I am running a Mediawiki at the domain someurl.com/wiki/
. Unfortunally it generates a bunch of automatically generated Special pages which mainly are of low quality but nevertheless are massively scanned by search engines with queries like:
/index.php/Special:Whatlinkshere/some_topic
or as well
/index.php?title=Special:Whatlinkshere&target=some_topic
where some_topic is an article of the wiki.
These requests seem to be of very low benefit but they consume a good deal of bandwidth and in addition I fear those automatically generated pages are not so good for my site's quality reputation in the serchengines evaluation.
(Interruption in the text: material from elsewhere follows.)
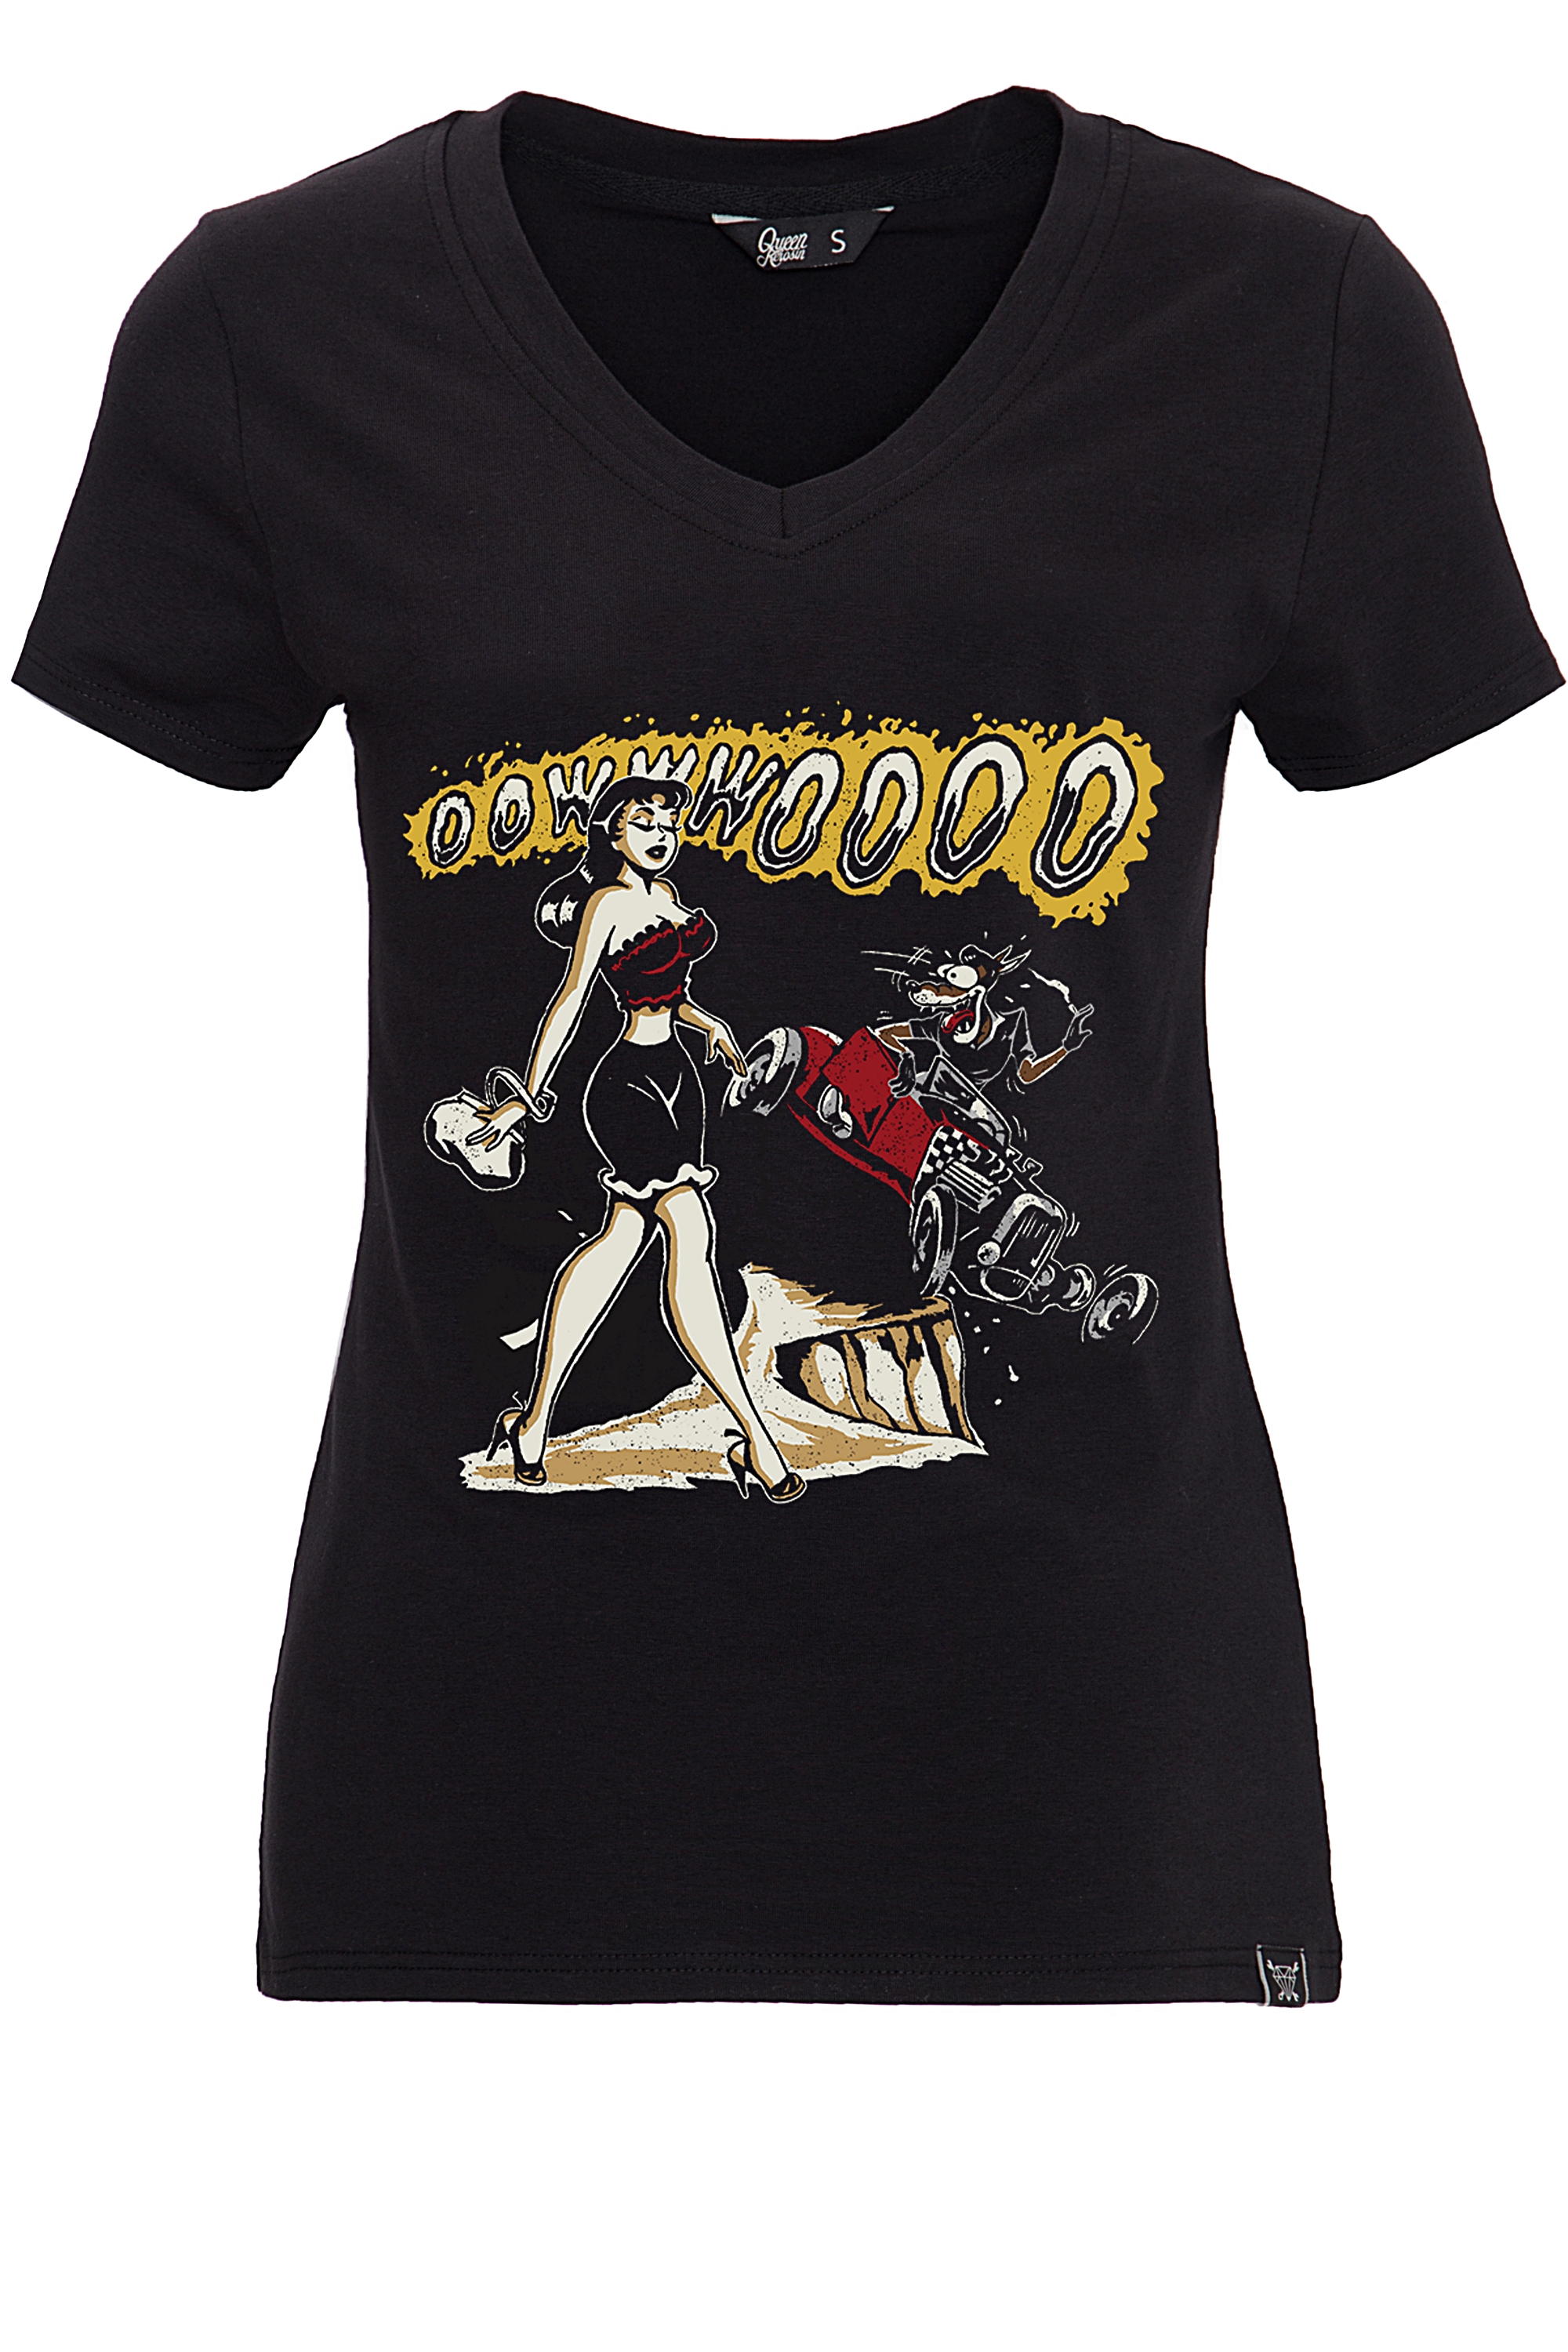 Queen Kerosin T-Shirt - Oowwwoooo XL
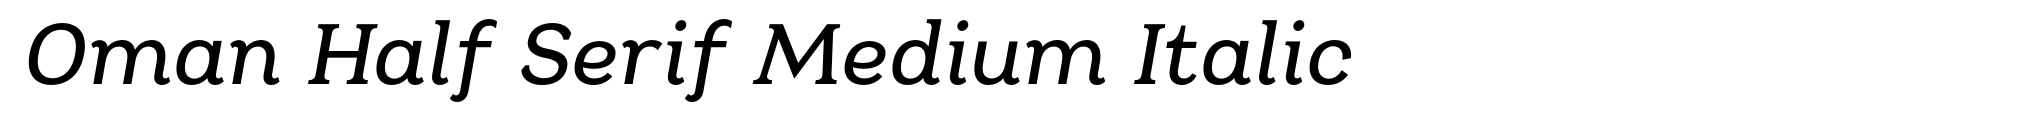 Oman Half Serif Medium Italic image

As the requests a mostly done by 'good' engines such as Google or Bing I am quite sure they would obey robots.txt. So I added the following robots.txt to the folder of the base url someurl.com
(I added the whole robots.txt, even though only line 1 and 6 are relevant for the queries named above):
User-agent: *
Disallow: User:
Disallow: Discussion:
Disallow: MediaWiki:
Disallow: Special:
Disallow: /login.php
Disallow: /profile.php
Disallow: /author/
Disallow: /category/
Disallow: /tag/
This robots.txt is active for about two days now and has been crawled already, but still there are many requests to URLs like the above which I thought blocked.
So I have the following questions now:
1) is the above logic correct and capable of denying access (to well behaving bots). Especially I wonder whether Disallow: Spezial:
correctly works as a wildcard to deny all request having "Special:" in URL or in parameter. I also wonder if the ":" in "Special:" might be a problem.
2) If so why then there is no effect yet? I consider I just have to grant more time to see the effect?
3) Will denying in the robots.txt lead to the de-indexing of this sites from the searchengines results? If not how can I get this huge amount of automatically generated URLs de-indexed?